It seems there's an entire history of Glasgow which no one never knew existed until someone starts putting up plaques about it. And once there are plaques, it must be real, right? This one is by the abandoned railway station in the city's Botanic Gardens, and there are about a dozen similar Glaikit plaques in all at various points around the city.

#glasgow #glasgowhistory #triffids #glasgowbotanicgardens #glaikit #plaques #streetart #flashfiction #streetfiction

@thisismyglasgow We visited your lovely city this past summer and thought the abandoned station in the gardens was extremely cool. At the time we didn't realize how cool!

@thisismyglasgow OCR-ed the text for anyone who can't read it (including me on my potato phone) #altText4You

The Research Institute For Flora-based Invasion Defences

From September 1939 until April 1943, the now-abandoned railway station you can see here was home to a top secret military research facility. Its aim was to develop plants which could be used to help defend Britain against an attempted invasion by Germany. -

The most controversial aspect of this work was the collection of carnivorous plants from around the world which were then cross-bred and artificially selected in an attempt to produce ones capable of killing and eating any enemy soldiers who stumbled into them. The plan was to distribute such plants along British coastlines where they would act as both

a defence against, and a deterrent to, any invading forces.

The institute was closed after several of the plants it was developing escaped into the & surrounding streets where they consumed eight cats, five dogs, twelve drunken revellers and two small children, who really should have been tucked up safe in bed, before they were finally recaptured several weeks later. The plants created by the researchers were destroyed, but various wild-caught sundews, pitcher plants and venus flytraps were incorporated into the collection of the Glasgow Botanic Gardens where they remain to this day.
The writer John Wyndham worked in the facility for a short time in 1942 and he used this experience as the basis for his best-known novel "The Day of the Triffids". He even named the eponymous carnivorous plants in the book after the acronym for the institute where he'd once served.

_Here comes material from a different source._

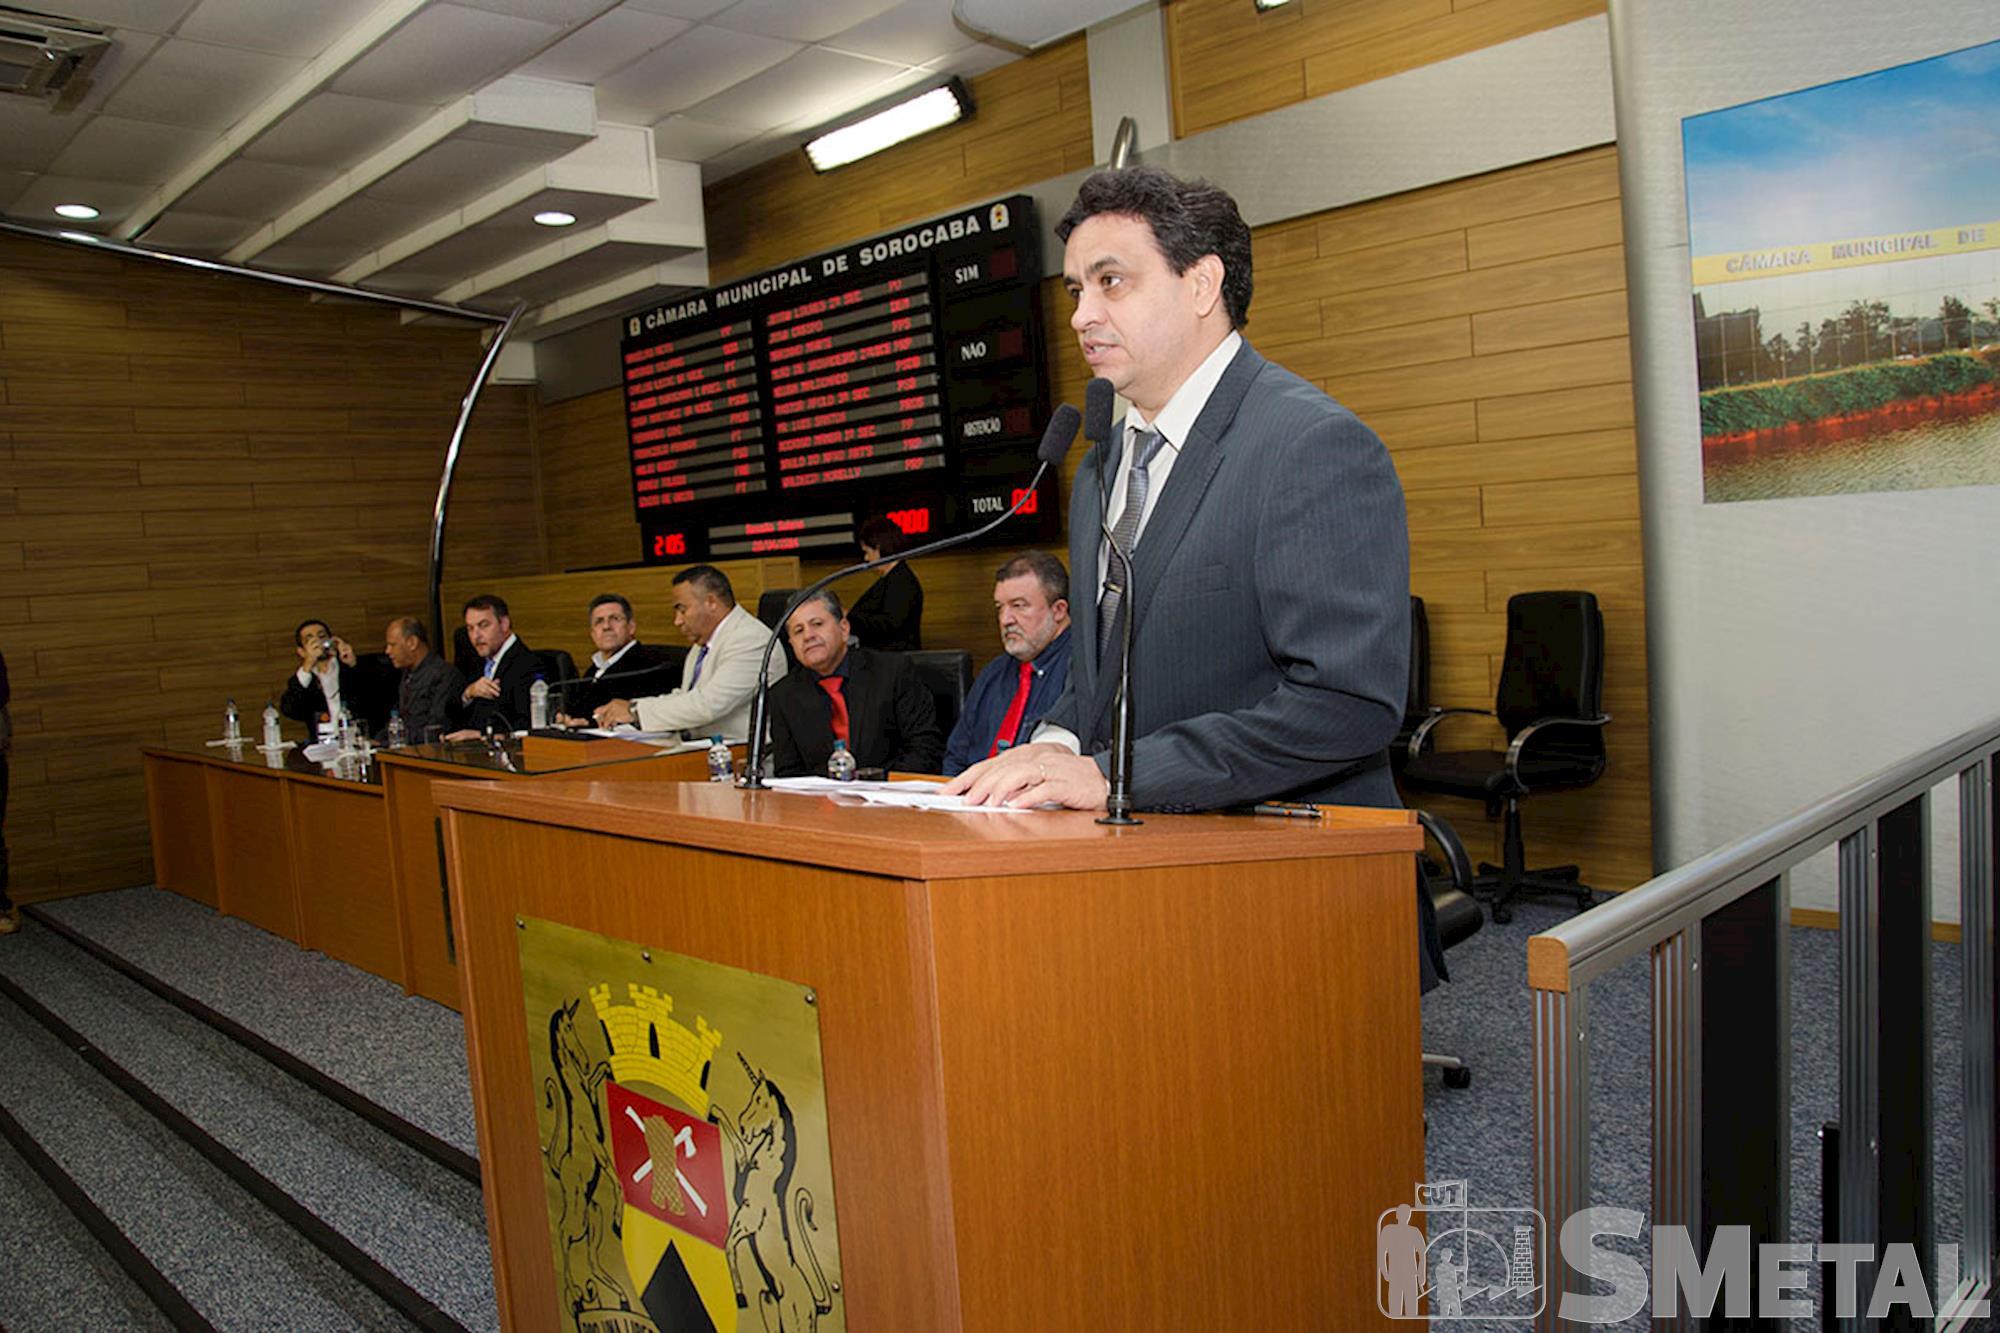 Sessão solene presta homenagem aos 60 anos do Sindicato

This plaque was erected by the Glasgow Information and Kultural Identity Taskforce (GlalIKIT).

www.glaikit.scot

@stib

From http://glaikit.scot/
"All the stories we feature in our guide are researched in great detail. Well, maybe researched isn’t the best word for what we do. We spend a lot of time in the pubs of Glasgow listening to the stories people tell us so we’ll buy them free drinks. We then spend literally minutes verifying what we hear (usually by asking someone else in the same pub). ..." 😂

@thisismyglasgow

@thisismyglasgow would be even more excellent with all the words copied into the ALT
@thisismyglasgow there is (or used to be) a funny commemorative plaque with something about a mysterious cycling man cutting a ribbon on an electric transformer building near Battlefield roundabout.
@thisismyglasgow so, triffids did not come from outer space then? and the novel must have been just a cover for _this_?!
@tivasyk To be fair, if you read the original book, it never says that Triffids came from Outer Space. That was just the 1960s movie (I think). Instead, the book postulates they originated in a Soviet research laboratory. The cover up is that they really came from a British research lab! 🤣
@thisismyglasgow i do need to reread! because in my memory the infestation was linked to that meteor shower… :-/
@tivasyk In the book, the plant first appeared being farmed in the Soviet Unionn but then accidently got spread around the world. At this point, they started getting farmed for their oil. All the meteor shower did was blind humanity, and the triffids took full advantage of this to break out of their farms and hunt the humans. In the 1963 film, the emergence of the triffids is much more tied to the meteor shower rather than genetic engineering.
@thisismyglasgow that is strange since i don't think i ever watched the 1963 movie… however, i'm pretty sure the first time i read the novel was back in ussr and translated into russian… and that translation of course could never contain any negative mention of ussr as the source of the infestation, so… that must be why my memory is unclear. definitely, a reread is long due.
@tivasyk That would make a lot of sense. Trofim Lysenko, who believed in Lamarkian Evolution over Natural Selection, held a lot of power in Russia in the 1940s and I've often wondered if Day of the Triffids was, in part, a warning against the danger of his anti-scientific beliefs (which eventually led to a famine in Russia that killed millions).